Upending mutable zoetrope

Upending is our collaboration with the extraordinary composer Maryanne Amacher for the new Empac performing arts center up the Hudson River in Troy, New York.

This “opera without singers,” which will premiere in early 2010, presents a drama of disorientation and reorientation that is enacted on both perceptual and thematic levels. The weightlessness of outer space is felt even in perfectly everyday representations as the grounding provided by gravity starts giving way. Ordinary objects, spaces, and persons are probed and queried from the unfamiliar perspectives uncovered on the micro- and macro-scale by contemporary science and neuropsychology.
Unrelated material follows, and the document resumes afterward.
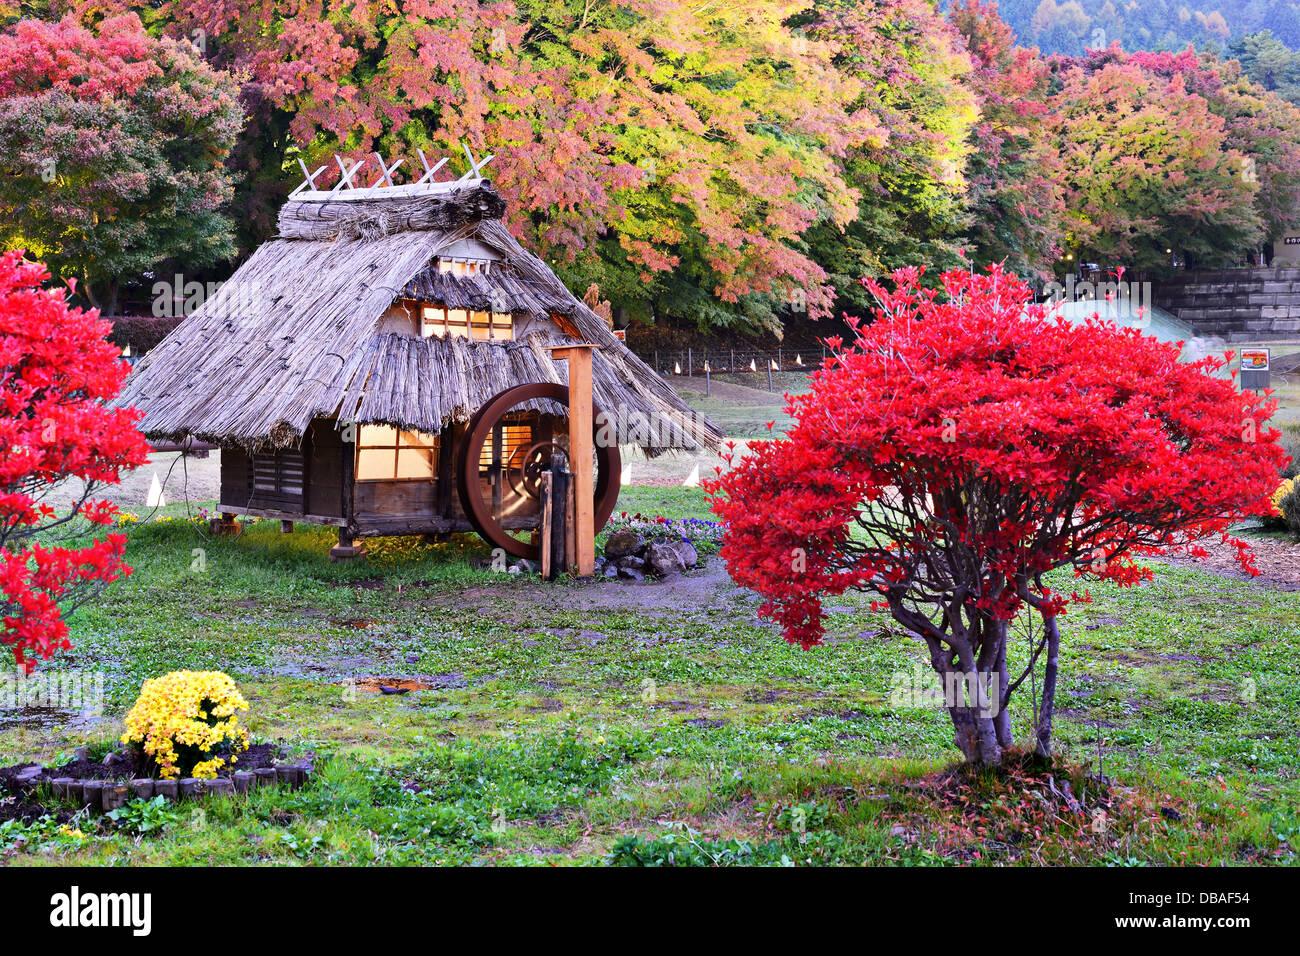 Hütten und Herbstlaub in Kawaguchi, Japan. Stockbild

For this project, our interest is in live stereoscopic cinema, where the illusory 3d space of stereo is projected onto the actual 3d of stage objects moving under computer control.

 

Horizon

Horizon storyboard frame

Horizon is the public arts project originally commissioned for the Atlanta Airport in 2005 but only now moving into production. This summer we finished revising our original storyboard (illustrated above) to match a complete redesign of the new terminal, which is now to open in 2011.

Horizon now aims for an even tighter interactivity between artwork and events in the terminal. The artwork will respond more directly to its surroundings — to the movement and appearance of travelers as they traverse the space and to the actual airport activity seen through the large adjacent window. An example of this is illustrated on the main Horizon page.

Dan Goldwater is now out inspecting led factories in China so that we can choose the best display solution. Next step is the construction of a large prototype at Dan’s studio in Oakland.

 

Loops in Sweden

Loops: still frame

Our most ambitious collaboration with Merce Cunningham, Loops, will be exhibited in its new triptych form at Mejan Labs in Stockholm, Sweden, where it opens on November 20th. Should be worth seeing: it’s on three 52″ monitors there.

Ambitious programmers and scholars may participate in our experimental Loops preservation project by downloading the beta version of the source code to Loops (the digital artwork) and/or by downloading the archival versions of Cunningham’s motion-captured performance (links to both may be found here.

 

Agent

Still from live running system

Marc is coding up the Choreographic language agent, which takes a novel approach to creating dance movements.

A first version, which of course runs on Field, will soon be put into practice by choreographer Wayne McGregor of Random Dance.

 

Revived

Three of our earlier dance collaborations have recently received renewed attention.

Hand-drawn Spaces: still frame

Hand-drawn Spaces has been designated a “masterwork” by the National Endowment for the Arts, which is providing the funds for its complete restoration. This was our first collaboration with Merce Cunningham, an installation we made in 1998.

The newly restored version will be presented in the public gallery of the World Financial Center here in New York in 2010. The nea designation came about through the generous advocacy of HarvestWorks, which also supported the creation of the original work.

Ghostcatching: still frame

Ghostcatching has been chosen by the Lincoln Center Institute as the focus work of art for its first online course for the professional development of educators, which it is launching this fall.

Ghostcatching will also be screened at the Brooklyn Museum in January.

BIPED: still frames

BIPED continues as part of the Cunningham Dance Company’s active repertoire. For a recent performance in Berkeley, it received this rapturous review in the San Francisco Chronicle.

 

Other news

  1. St. Petersburg is now next April rather than this November. For the Kinodance film festival, we’ll be exhibiting Loops and, possibly, Point A –> B, with the details to be announced as they’re set.
  2. Field once again forms the core authorship platform for the responsive architecture project Hyposurface.